Seven years before he assumed leadership of CROP’s efforts in Minnesota and the Dakotas, the Luther Leagues in North Dakota did a remarkable thing. They organized what was to become an annual event. Their “CROP Walk,” begun on the front steps of the state capitol building in Bismarck, drew 1,000 walkers and raised $52,000. “Collecting that kind of money in that way was unheard of,” Livdahl said. “The national director of CROP was still skeptical. His model was getting farmers to donate excess grain at the elevator, for shipment overseas. Today CROP walks occur nationwide.

Eventually Livdahl began to visit overseas churches to determine what their economic needs might be. “I discovered we needed them more than they needed us,” he admits. “I found Christians passionate about their faith.
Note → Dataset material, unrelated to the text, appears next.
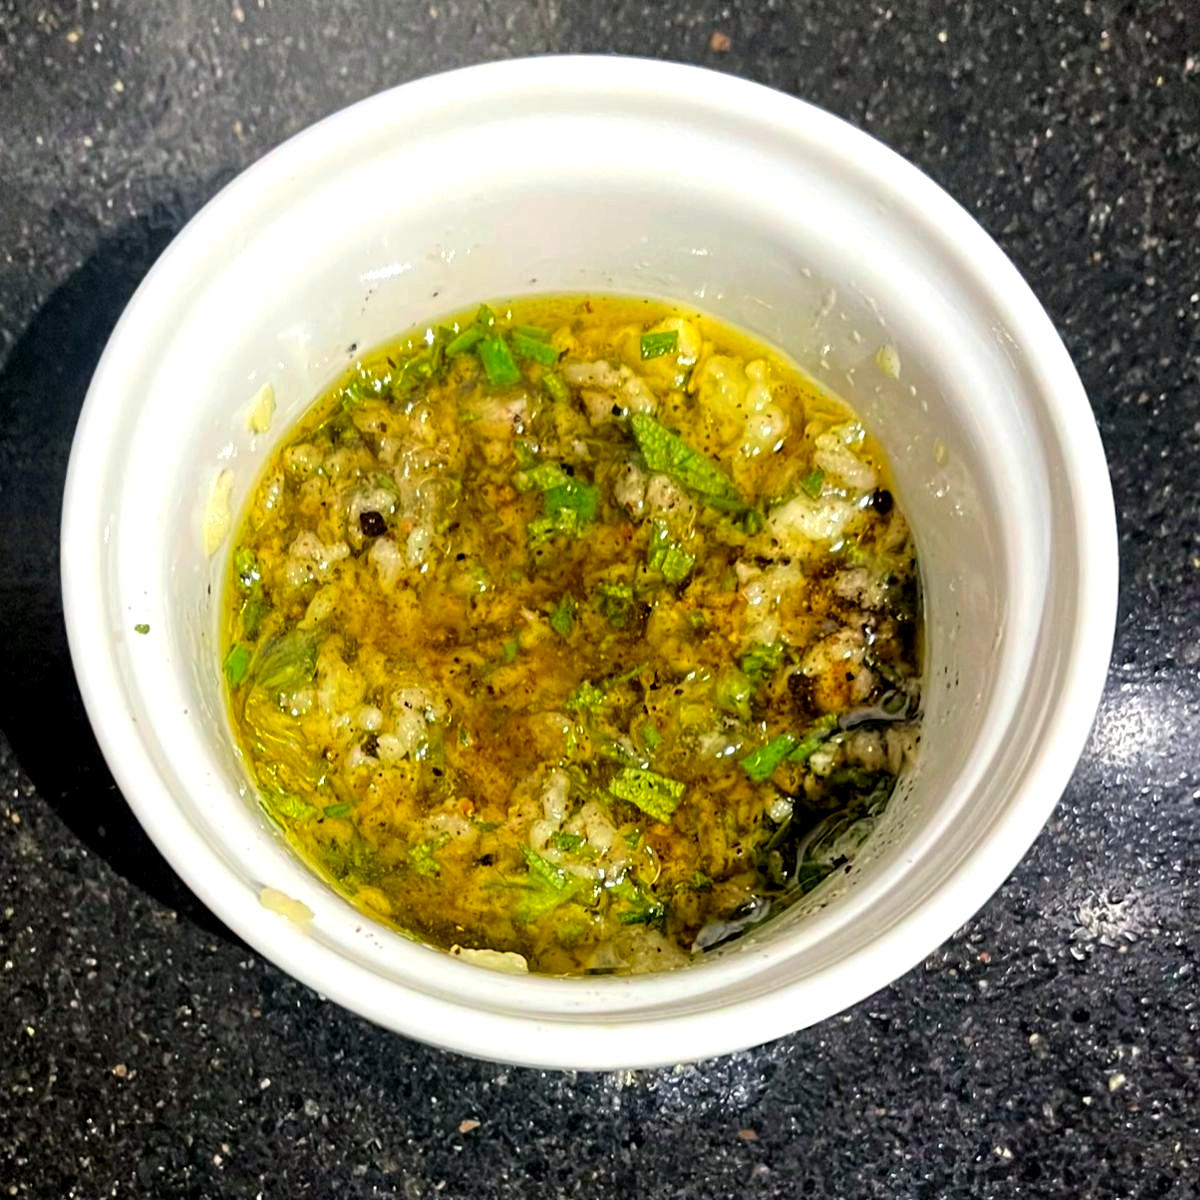 Olive oil with ground black pepper, salt, rosemary and garlic in white ramekin bowl.

They were poor in material things but rich spiritually. I saw Jesus in their midst and it was clear to me that Jesus didn’t want them hungry.”

It was a sobering lesson for the Lutheran pastor who eventually ended up in Chicago, serving as director of the ELCA Hunger Program. To this day he remains convinced that poverty is an important teacher. “Christianity is stagnating where people are comfortable,” he says. “In affluent nations, the church is actually dying. I learned that the church is growing where people are suffering. They know what good news is.”

Livdahl offers this cautionary message to American Christians: “You can’t have Jesus without poor and suffering people.” That’s not to say that comfortable Lutherans should move to the slums. “There are wealthy people who are figuring out that there are humanitarian ways to spend your excess.” He says, “Thirty years ago I felt like a voice crying in the wilderness. Today there are many more committed to the cause of sharing with the poor and hungry on our planet. And some Lutheran congregations are leading the way.”

He cites the example of Calvary Lutheran Church in Golden Valley (ELCA), Minnesota. “They’ve built an awareness of the needs of those in developing countries by sending dozens of their members overseas. I really think that’s the best way to get any Lutheran on board. Get them out there where the needs are to see for themselves.”

Why is Calvary exceptional in this regard? “In part, I think, because they have people like Ed Payne, a cheerleader for hunger relief. That guy just won’t quit.”

Lutherans are really good at responding to emergencies, Livdahl says. “I’m really proud of what we did when the Red River Valley flooded a few years ago. The ELCA, the LCMS, and Thrivent partnered to raise $20 million for that cause.”

Now, Livdahl wants the church to see the starving of the world as an emergency that just keeps going — and to respond with the same level of compassionate urgency.